Research carried out on animals has shown that polyphenols found in tea prevent the development of cells that cause breast cancer. Studies have demonstrated that in women drinking the greatest amounts of tea, breast cancer spread at the slowest rate. This was particularly prominent with early detection in women who had not yet reached menopause. Recurrences of wer also fewer in those who drank several cups of green tea on a daily basis. Similarly, it was found that women suffering from ovarian cancer that consumed tea daily lived longer than women who did not.

As regards colorectal cancer, the results have not been definitive. More studies are needed in order to determine whether tea can have beneficial effects.

The situation is similar with esophageal cancer. While research on animals has demonstrated positive results, with humans the results were less definitive. Some studies have even shown that green tea can lead to higher risk. This was especially true when the tea was drunk hot. Scientists must carry out more studies before suggesting green tea as a way of inhibiting this disease.

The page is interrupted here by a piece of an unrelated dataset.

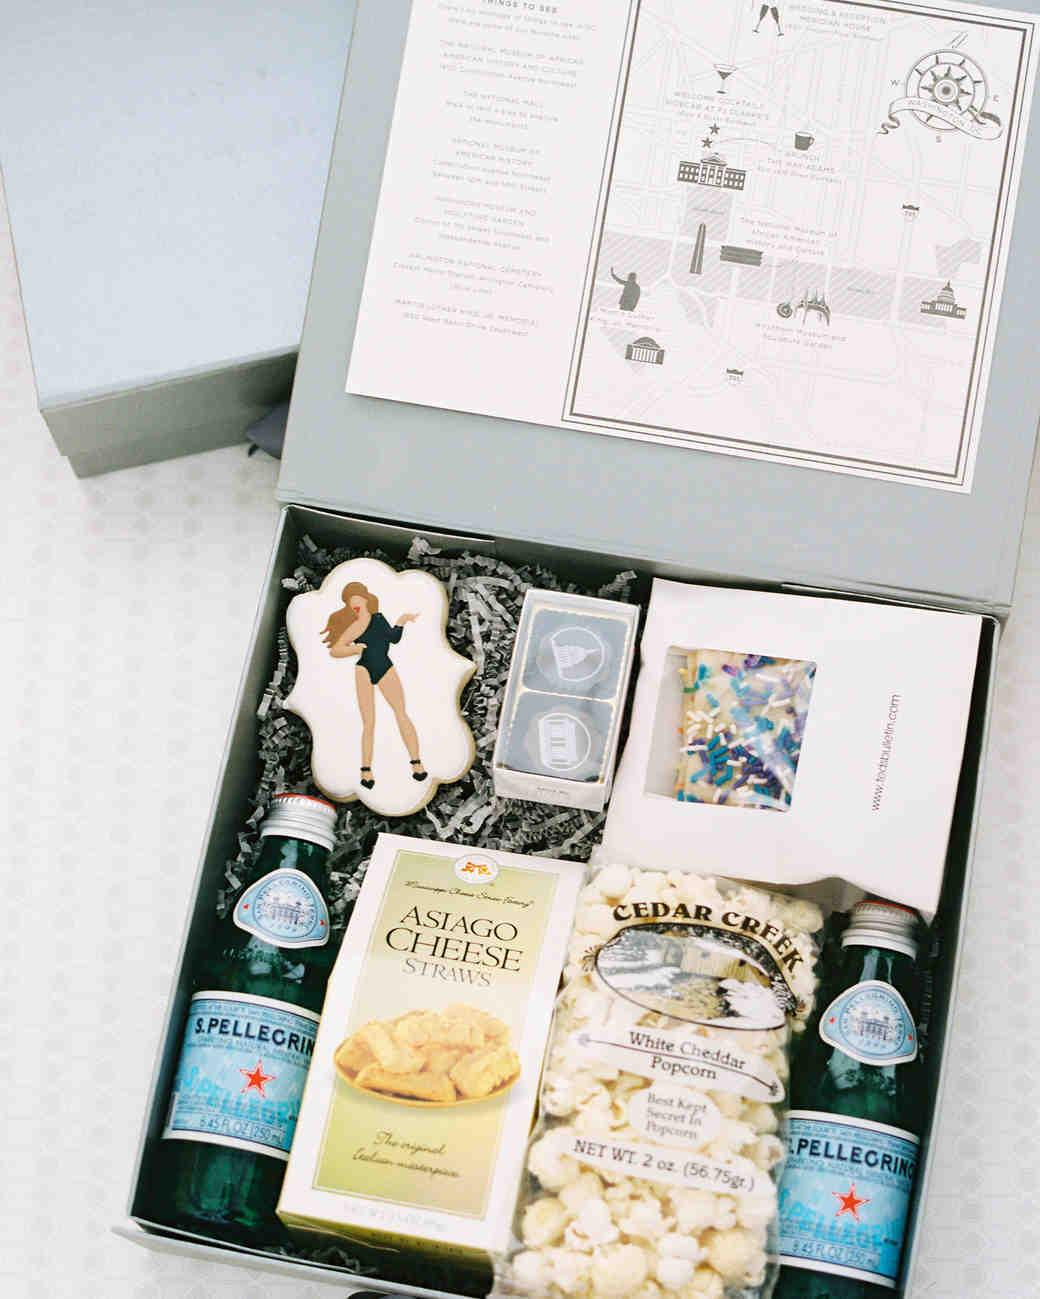 jermaine scott wedding dc welcome box
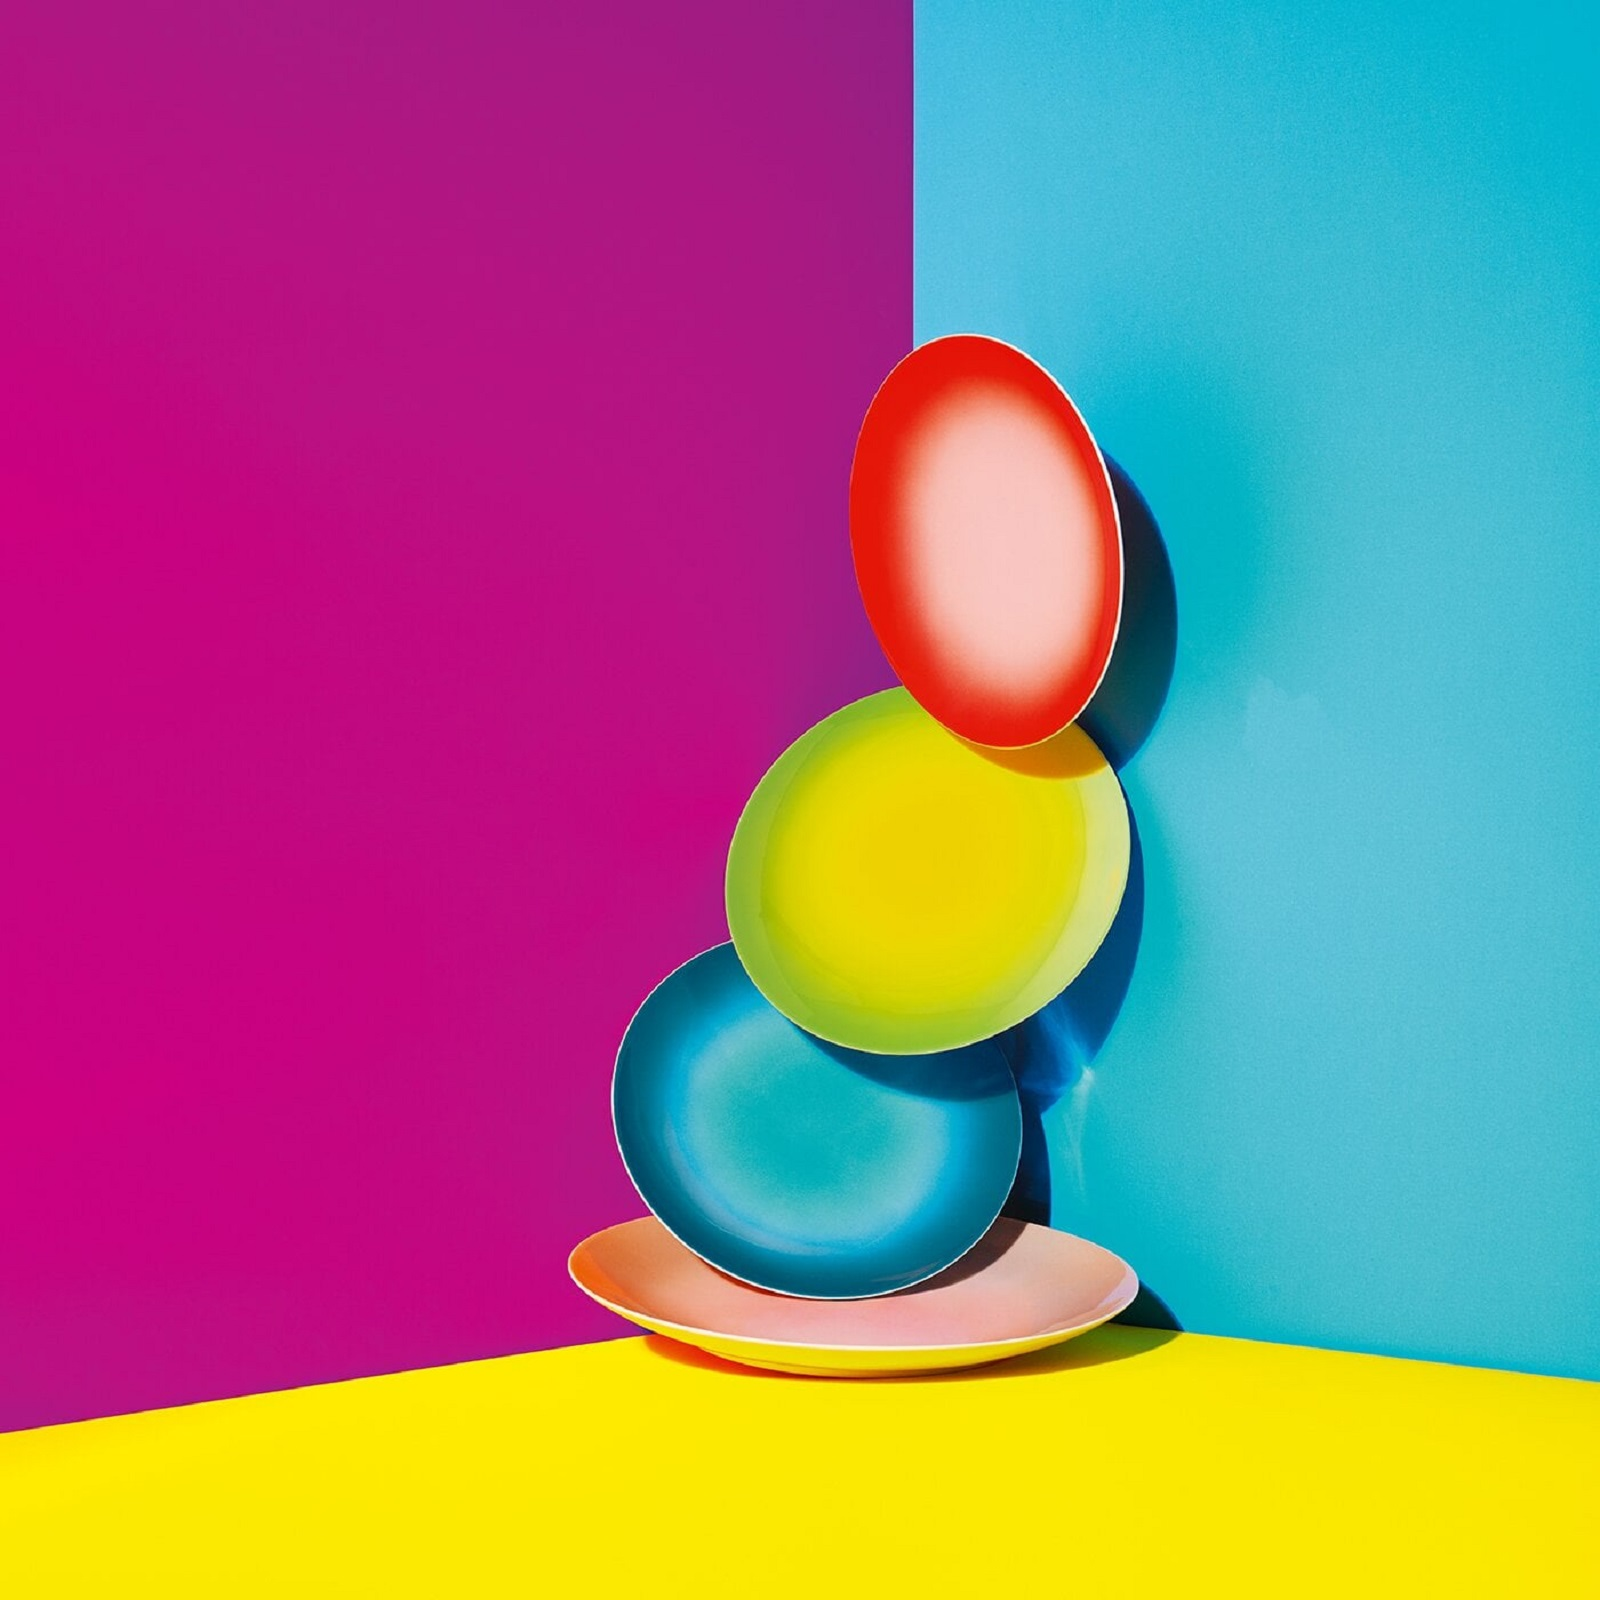 Тарелка глубокая фарфоровая Rosenthal Thomas BECOLOUR, диаметр 22 см, синий Rosenthal 10700-408729-10322 фото 2

Conflicting results were also obtained for lung, prostate and stomach cancer. More research is needed to examine the link between tea consumption and these diseases.

Research reports studying the effects of green tea on skin and pancreatic cancer is cautiously more optimistic. Epigallocatechin gallate (EGCG), which is the principal polyphenol found in green tea, has been proven to have attributes that are capable of inhibiting the appearance and development of tumors on the skin. One study has shown that tea may be beneficial for preventing pancreatic cancer, but others have shown that there is no link between the popular herb and this particular disease.

Clearly, more work has to be done here. At the present time, there seems to be as much anecdotal evidence as hard facts to support or dismiss green tea as a possible tool in the battle against this disease. The benefits are very dependent on the particular strain in question. The good news is, that research is ongoing, and will continue until a cure or prevention is discovered.